Siniša Malešević, MRIA, MAE (born 5 April 1969 in Banja Luka) is a Yugoslav born Irish Full Professor and Chair of Sociology at the University College, Dublin, Ireland. He is also a Senior Fellow and Associate Researcher at Conservatoire national des arts et métiers (CNAM), Paris, France.

==Education==

Professor Malešević completed his high school education at the New Bern High School, North Carolina, USA in 1988. He graduated in sociology from the University of Zagreb, Croatia in 1993. He received his MA from the Lancaster University, UK and the Central European University, Prague, Czech Republic in 1995. He subsequently completed his PhD in sociology from the University College Cork, Ireland in 1999 [1].

==Career and research interests==
Professor Malešević's research interests include the comparative-historical and theoretical study of ethnicity, nation-states, nationalism, empires, ideology, war, violence and sociological theory.

Previously he held research and teaching appointments at the Institute for International Relations (Zagreb), the Centre for the Study of Nationalism, CEU (Prague)- where he worked with late Ernest Gellner -, and at the University of Galway.
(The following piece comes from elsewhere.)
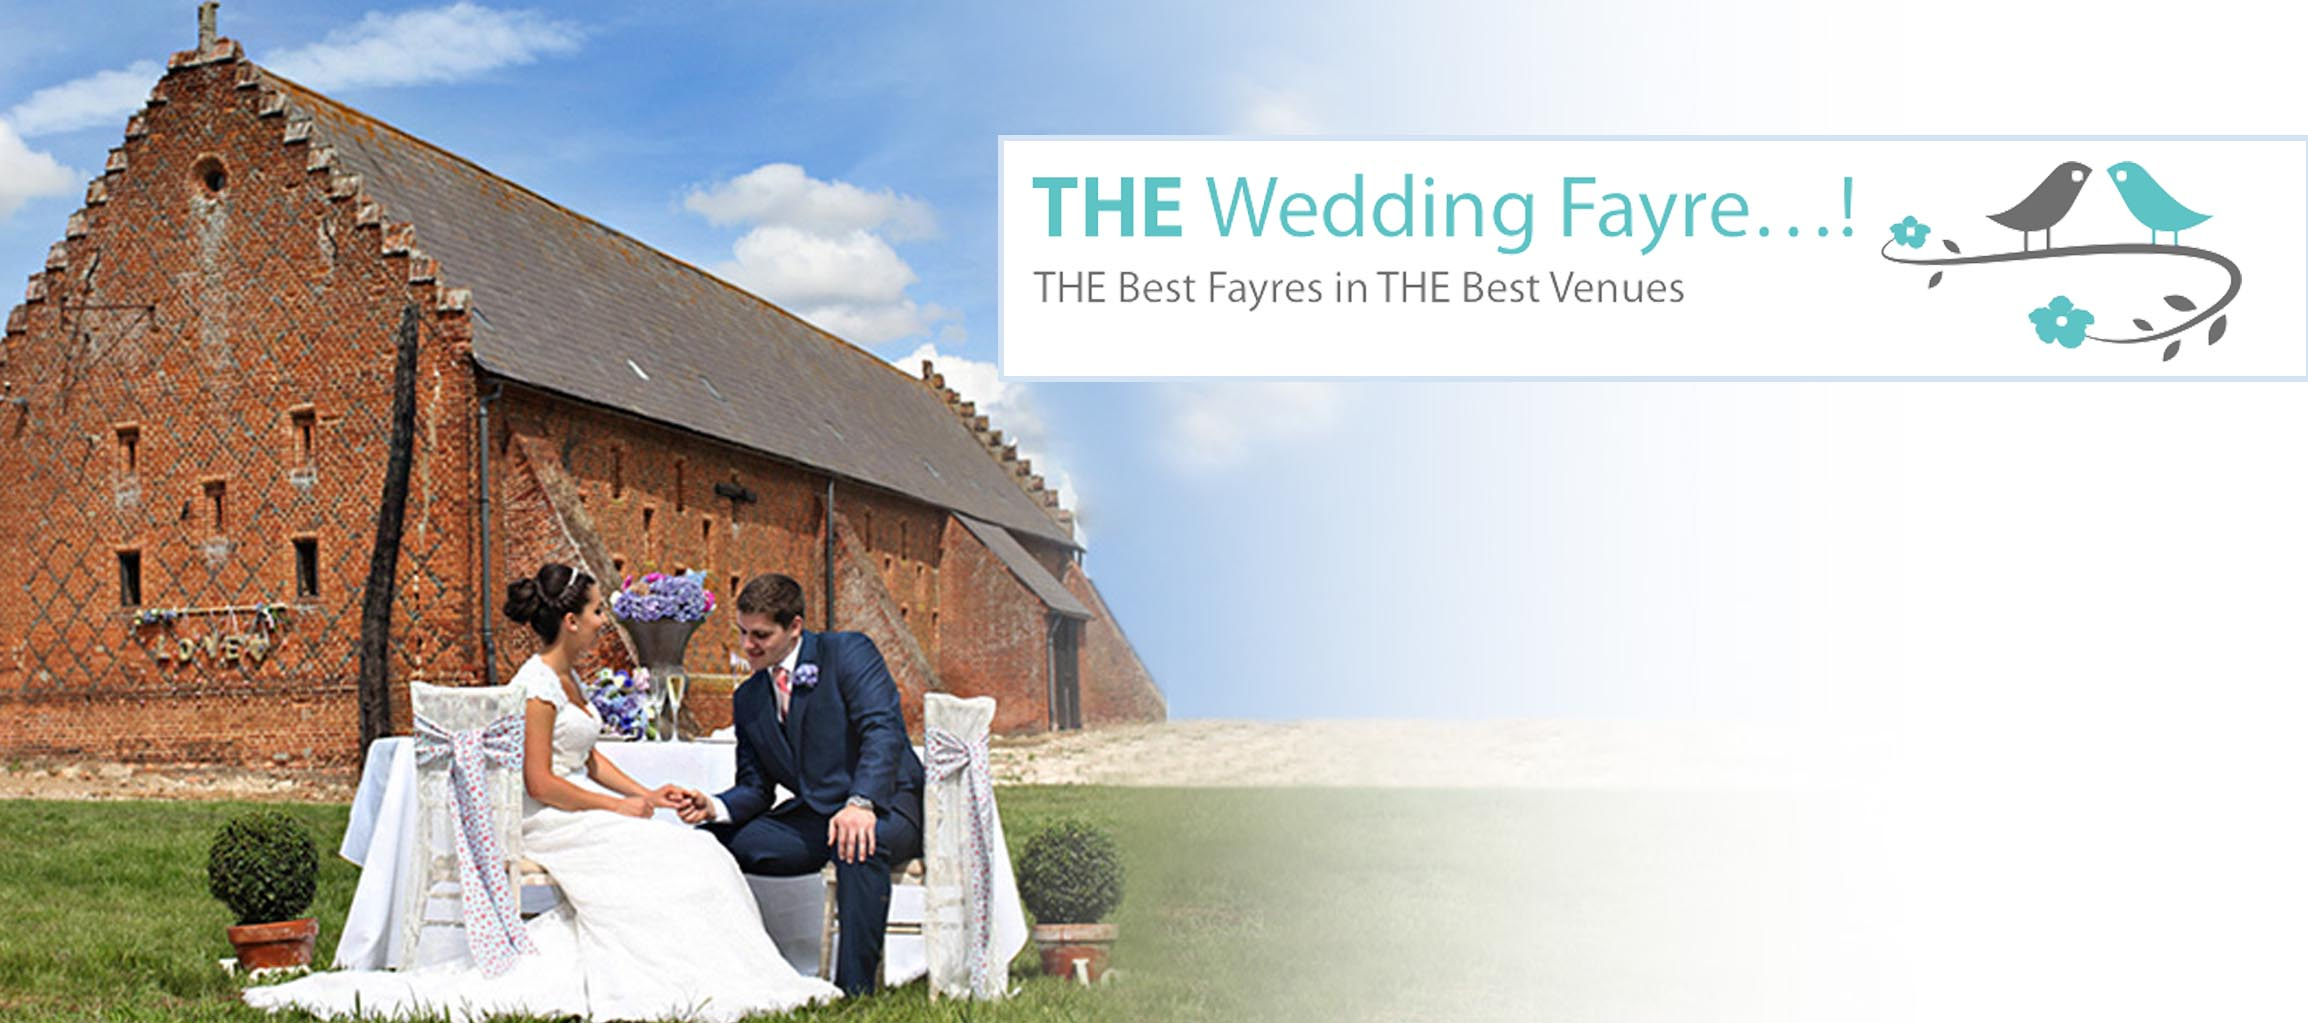 the wedding Fayre...! - 29th April '18 - Copdock Hall, Copdock.11.00am - 3.30pm

He also held visiting professorships and fellowships at the Université libre de Bruxelles (Eric Remacle Chair in Conflict and Peace Studies), the Institute for Human Sciences, Vienna, the London School of Economics, Uppsala University, the Netherlands Institute for Advanced Study in the Humanities and Social Sciences, Amsterdam, the Australian Defence College, Canberra and the Centre for Subjectivity Research, University of Copenhagen[1].

In March 2010 he was elected a Member of the Royal Irish Academy, in December 2012 he was elected associated member of Academy of Sciences and Arts of Bosnia and Herzegovina and in August 2014 he was elected a Member of Academia Europaea [2].

==Publications==
Prof. Malešević is author of eleven and editor of nine books and volumes including monographs Ideology, Legitimacy and the New State (2002), The Sociology of Ethnicity (2004), Identity as Ideology (2006) The Sociology of War and Violence (2010), Nation-States and Nationalisms (2013), The Rise of Organised Brutality (2017), Grounded Nationalisms (2019), Why Humans Fight (2022) and Nationalism as a Way of Life (2025). The Rise of Organised Brutality is a recipient of the 2018 outstanding book award from the American Sociological Association's Peace, War and Social Conflict Section [3], 'Grounded Nationalisms' was a runner up (honourable mention) in 2020 Stein Rokkan Prize for Comparative Social Science Research while 'Why Humans Fight' was winner of the 2023 outstanding book award from the American Sociological Association (PWSC section) and has also been shortlisted as a finalist for the 2023 Conflict Research Society book prize. Nationalism as a Way of Life received honourable mention in the 2026 Hendley Bull Book Prize. In 2023 Prof. Malešević received Robin M. Williams, Jr. Award for Distinguished Contributions to Scholarship, Teaching, and Service, from the American Sociological Association [4] [5].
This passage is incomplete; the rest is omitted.